Pada setiap tahun ajaran, siswa kelas 11 yang bersekolah di SMA Trinitas Bandung menyelenggarakan kegiatan live in, dimana siswa tinggal di keluarga angkat selama beberapa hari untuk belajar mengenai keseharian mereka.
Pada tahun ajaran ini, angkatan saya diberangkatkan di Wonogiri, tempat dimana kita akan tinggal selama 5 hari dimana kita akan berkegiatan bersama keluarga angkat kita masing-masing.
Saya mengajak teman-teman untuk melihat cerita sederhana ini, sebuah cerita manusia yang tersembunyi di tengah samudra kehidupan yang penuh kejutan dan ketidakpastian, yang terukir pada sebuah desa di Wonogiri.
Desa Belikurip, itulah namanya.
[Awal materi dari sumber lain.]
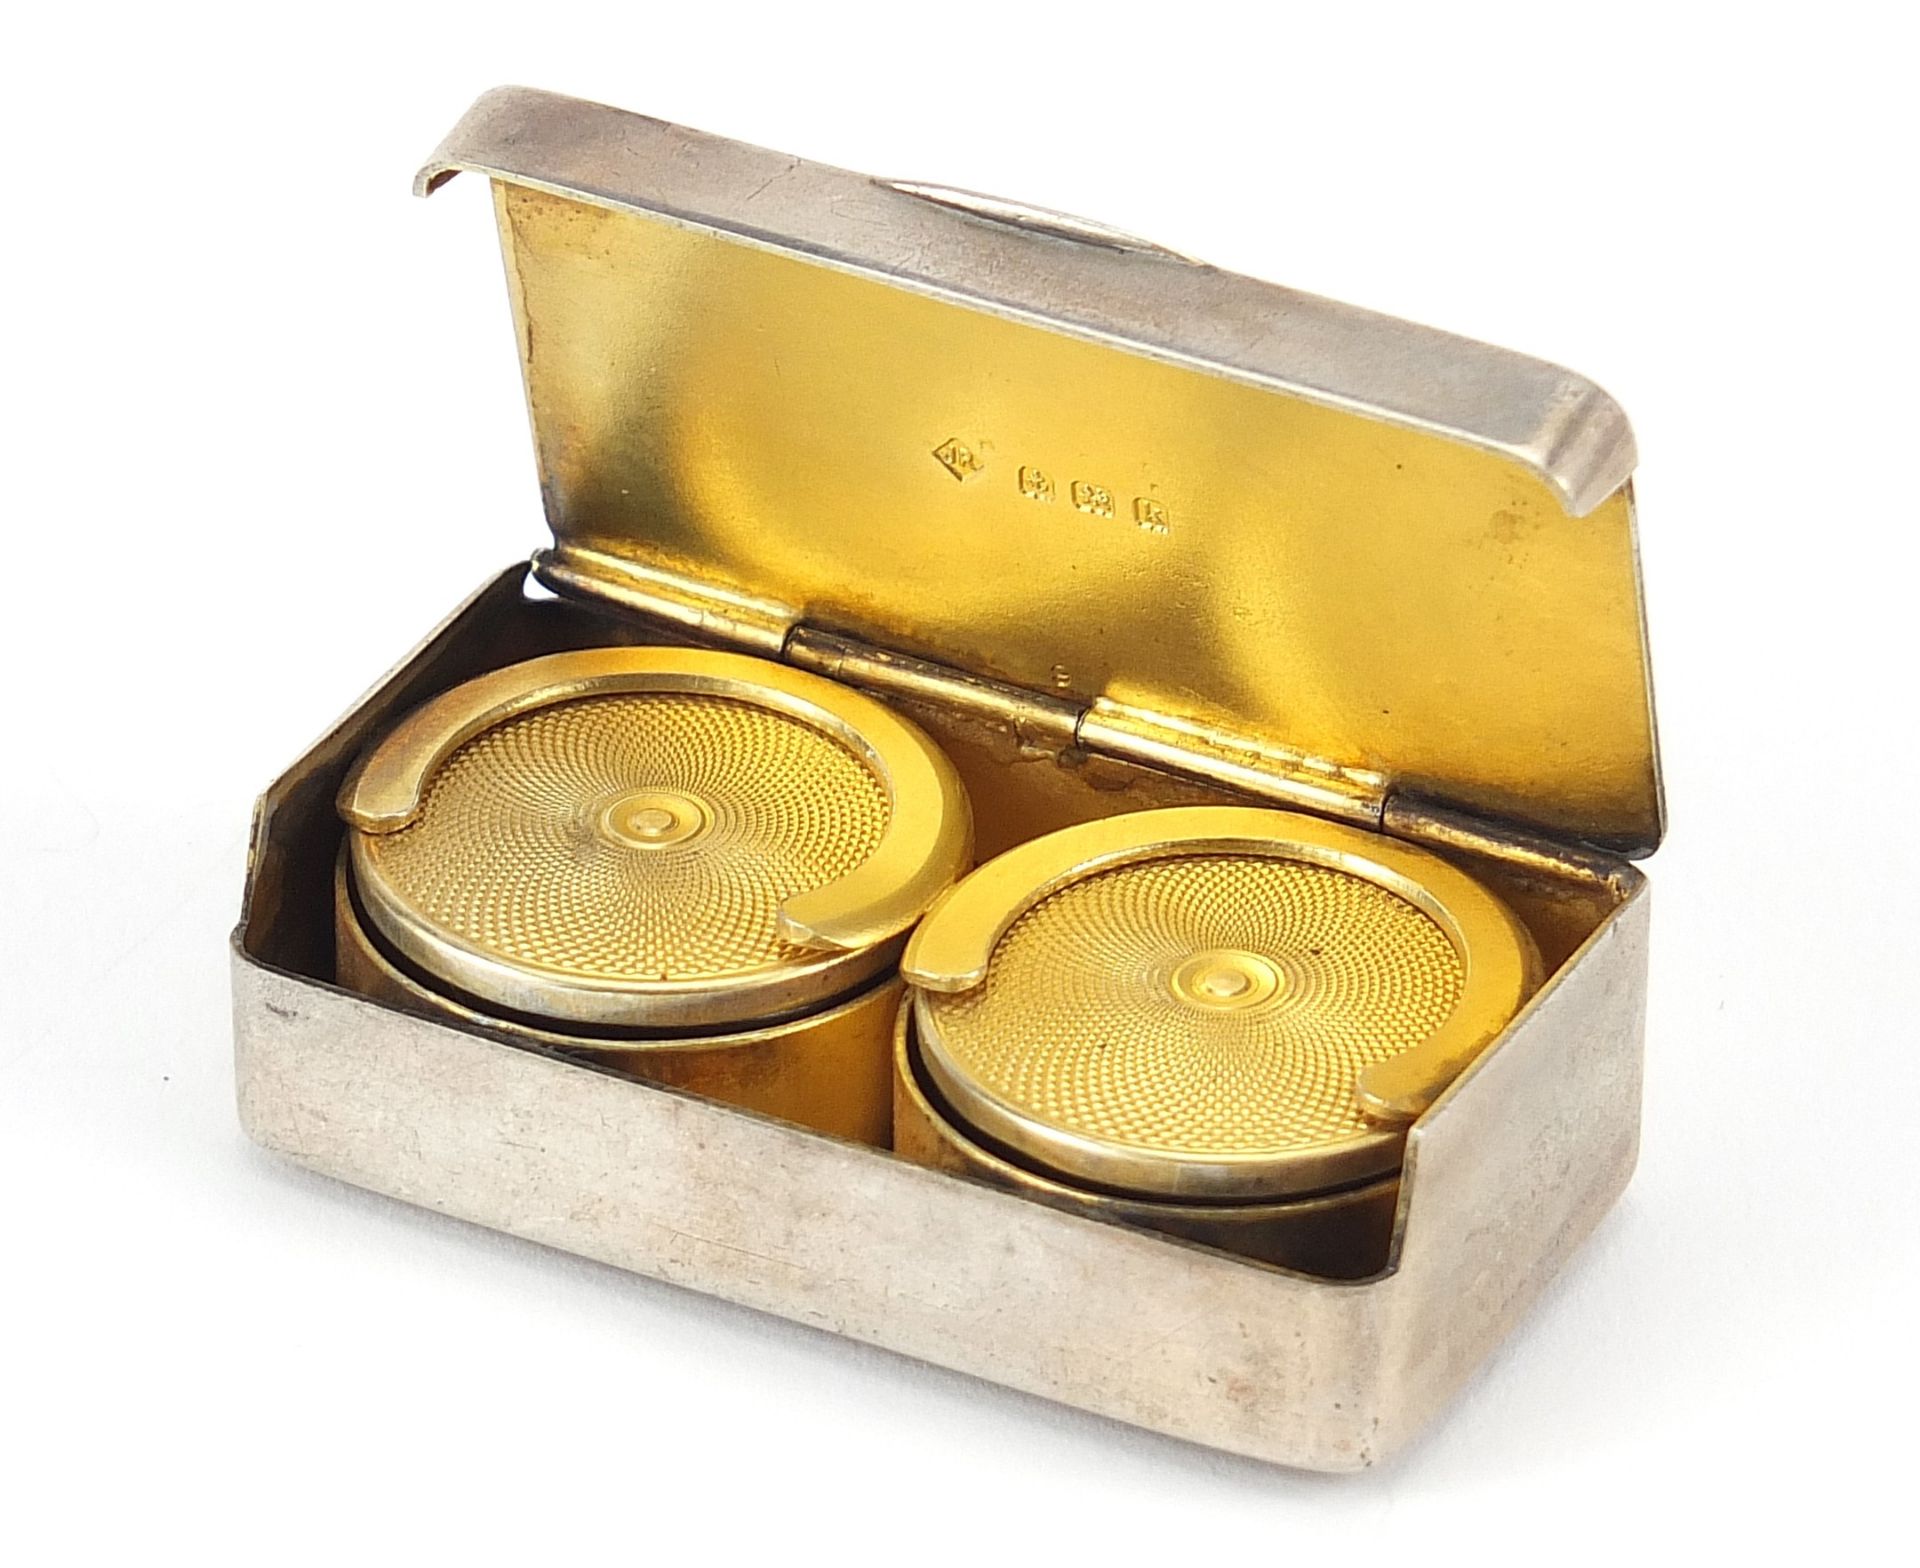 Rotherham & Sons, Edwardian silver double sovereign case with hinged lid and gilt interior, - Image 2 of 6

Terletak di Kecamatan Baturetno, Kabupaten Wonogiri, desa yang kecil ini dihuni oleh berbagai kalangan masyarakat, termasuk umat Katolik yang hidup di bawah naungan Paroki Baturetno.
Saya mendatangi Desa ini dalam rangka kegiatan live in yang diselenggarakan oleh SMA Trinitas Bandung, dimana saya akan tinggal bersama keluarga angkat dan ikut menjalani kehidupan mereka selama masa tinggal saya.
Saat pertama kali saya menginjakan kaki di tempat ini, hawa panas membakar tubuhku, seperti menyambutku di dunia yang baru. Tidak seperti Bandung, kota asalku yang pada bulan November udaranya mulai dingin dan rintik hujan datang secara konsisten, tempat ini masih kering dan hujan belum menampakkan dirinya selama hampir 6 bulan.
Kekeringan yang ditimbulkan oleh kekurangan hujan ini memberikan dampak yang cukup signifikan kepada alam maupun masyarakat Desa Belikurip. Kita tidak perlu melihat jauh untuk menemui tanah yang retak-retak, tanaman serta pepohonan yang mati dan rumput-rumput kering. Untuk masyarakat sekitar, kesulitan air merupakan masalah yang sangat umum.
Saat saya tiba di rumah orang tua angkat yang bernama Ibu Maria, saya harus mengangkut air dari tempat lain karena air di rumahnya tidak selalu mengalir. Masyarakat sekitar yang bekerja sebagai petani juga tidak dapat bekerja karena ladangnya kering. Masyarakat sekitar menyebut fenomena kekeringan ini sebagai "musim paceklik"
Kekeringan bukan satu-satunya masalah yang menimpa masyarakat Belikurip, hawa panas yang menyengat juga mengganggu aktivitas mereka di luar rumah. Bahkan Ibu Maria yang sudah tinggal di daerah tersebut selama 3 tahun menghindari bepergian pada siang hari karena takut terkena sengatan panas.